Stormy weather, one might say.

Christmas brought us a kaleidoscope of weather this year! We had planned an outdoor Christmas Dinner, as usual, with the aim of being outside in the cool for midnight. (Here the main celebration is midnight Christmas Eve/Christmas Day). The beef and the wine had been bought. During the day we worked, but as evening drew in so did the weather. Christmas Eve had started with temperatures in the 30s, but the sky clouded up and by early evening we were seeing almost hurricane force winds veering from North East to South West.  No chance of a barbecue outdoors! At 9 pm we lost power to the farm for the rest of the night, so we ate inside by candle and hurricane lamp.  And enjoyed an excellent  bottle of a local Malbec wine with the steak as branches, soil and loose items flew past the windows.

We later learnt that our tiny part of the country had been one of the worst hit by the storm and the Civil Defence had been called out to help with fallen trees, blocked roads, loss of power and flooding (an  irrigation canal overflowed as fallen trees had blocked it totally). Luckily we had no trees down on the farm, so it was back to work as normal.

Storm just about to hit us. White area between cloud and ground is hail

Storm just about to hit us. White area between cloud and ground is hail

I had said in an earlier post that farmers here are letting their fruit fall on the ground unharvested due to very low prices. A neighbour, without a pick-up, asked me to run an initial load of 600 kilos of apricots to the buyer for him.
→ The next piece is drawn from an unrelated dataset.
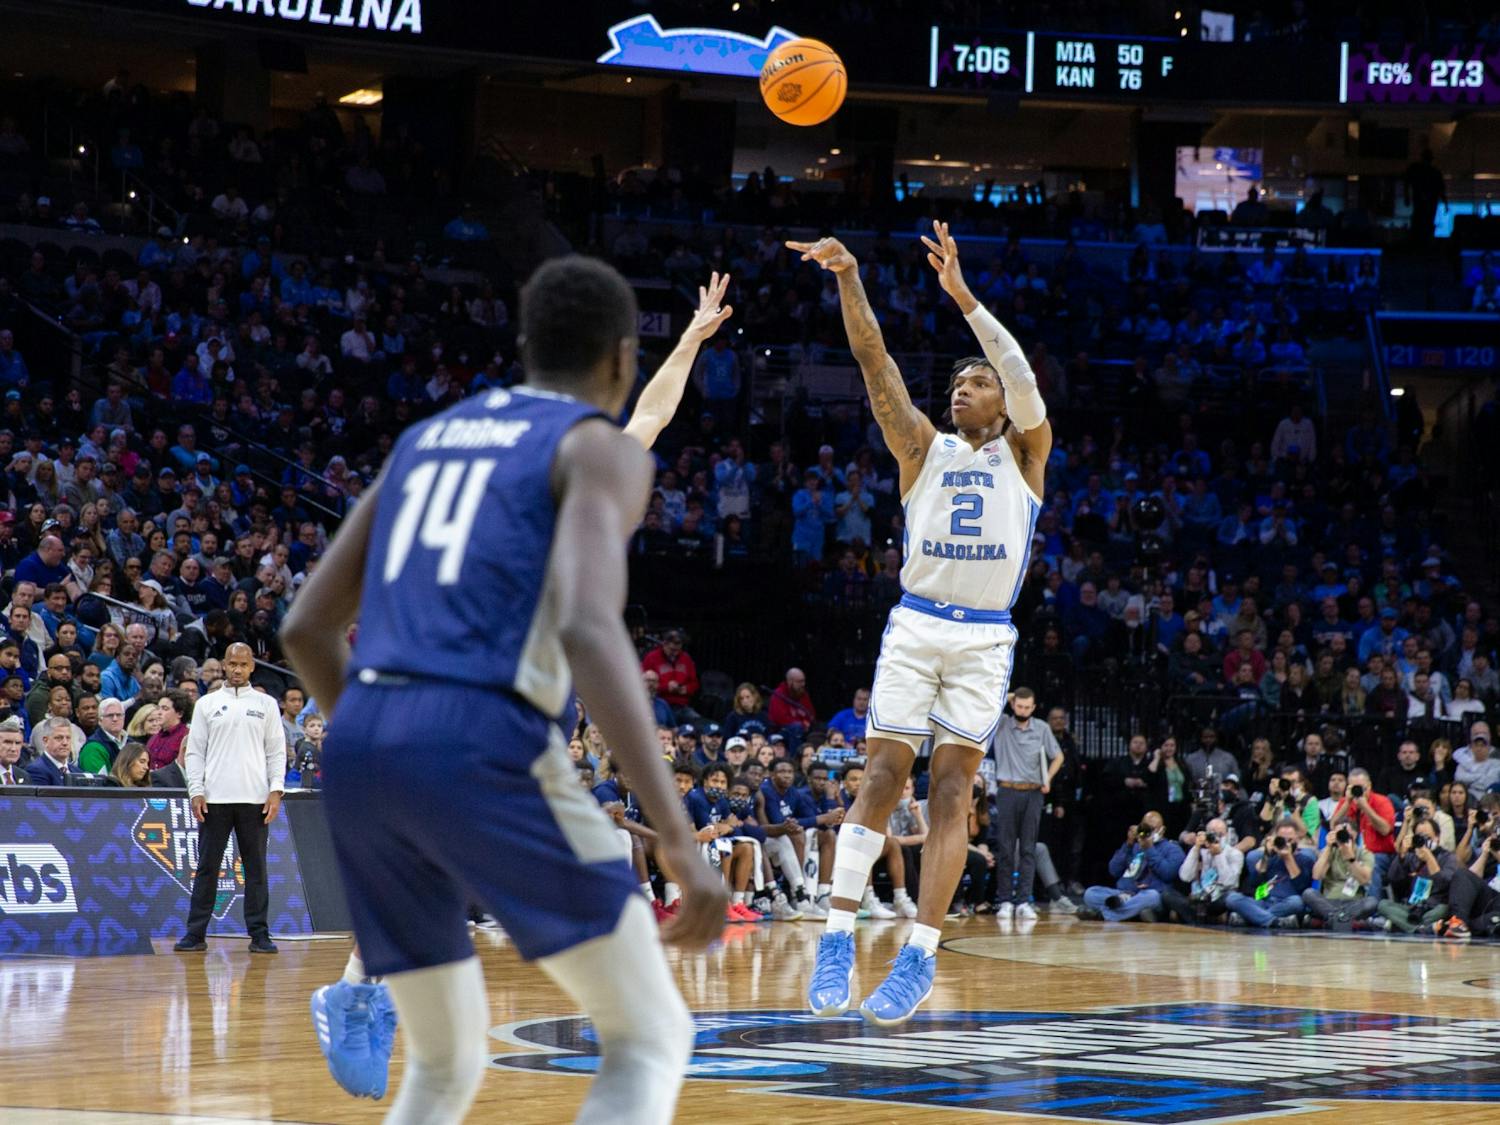 Sophomore guard Caleb Love (2) shoots a three at the Elite 8 game of the NCAA tournament against St. Peter's at the Wells Fargo Center in Philadelphia. UNC won 69-49 and is advancing to the Final Four. &nbsp;&nbsp;
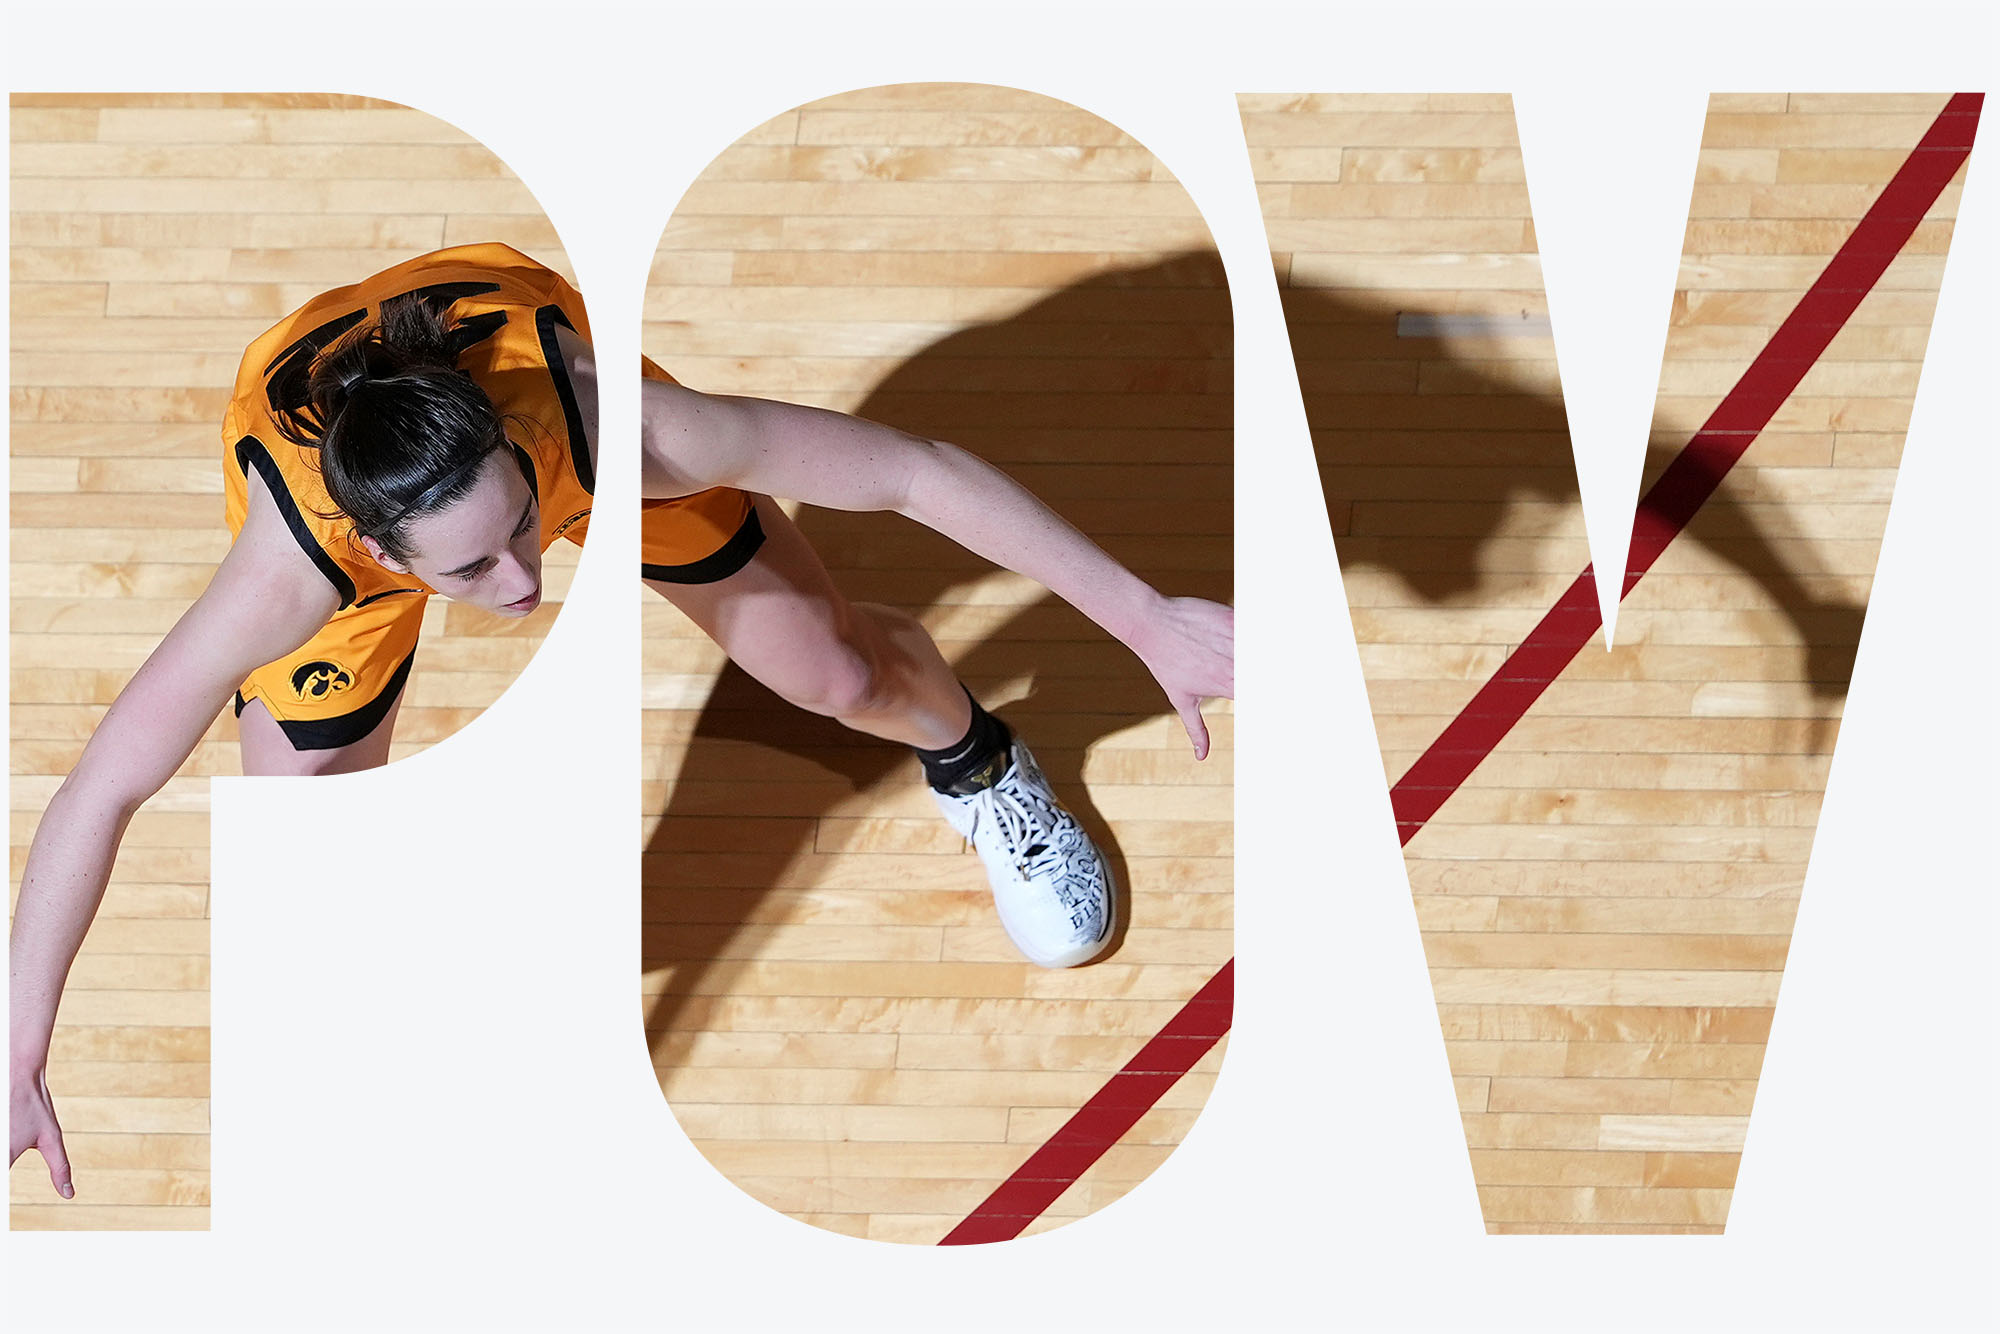 Photo: An aerial shot of a basketball player on the court. Image overlay has the letters "POV"

On the phone he had agreed a price of 85 cents a kilo, but when we arrived a few hours later the price had fallen to 60 cents a kilo (and finally to 50 cents a kilo). After paying harvesters 40 – 50 cents a kilo he would have received about AR$100 (£12) for a years work.

In order to help the small producer, the government started an initiative whereby the middle man was cut out. The idea was that the farmer harvested his fruit, bagged it up into 3 kg bags, took it to a central point and loaded it onto a government contracted lorry. The fruit would then be taken to cities or cool areas where you cannot grow fruit, and be sold out the back of the lorry at a lower price than in the shops – and that money, returned to the farmer, would be far more than he normally earned for his produce.

We decided not to join this new initiative. Just as well, because, due to a complete lack of co-ordination (and other factors), the lorry carrying nearly 20 tons of packed fruit ended up driving around the country until the fruit was spoiled. Finally nearly 18 tons of it, still neatly bagged up by the farmers, was dumped at the side of the road.

Fruit at the side of the road

Fruit at the side of the road

Full article can be found in the report here. Photo from radio963.com.

Our neighbours in the scheme were not paid for the fruit that they harvested and packed. A total loss for them.

Thank goodness we decided to dry our fruit on a home made drier and to turn a whole load into jam.

Many times I have commented on the incredible range of wildlife and insect life here. The other day I found this dead Rainbow Dung Beetle (Scarab) on the farm.

Rainbow Dung Beetle

Rainbow Dung Beetle

 

Twice a year each of us has to clean a section of the public irrigation canal. It is a system that seems to work quite well, and here is our 200 meter section which has just been cleaned by me.

Weeds and rubbish cleaned off the sides of the canal. Just the leaves on the bottom to sweep up now.

Weeds and rubbish cleaned off the sides of the canal. Just the leaves on the bottom to sweep up now.

Back to work because tomorrow is forecast to be a hot day with temperatures of 42’C – which reminds me, better stock up on cold drinks and beer!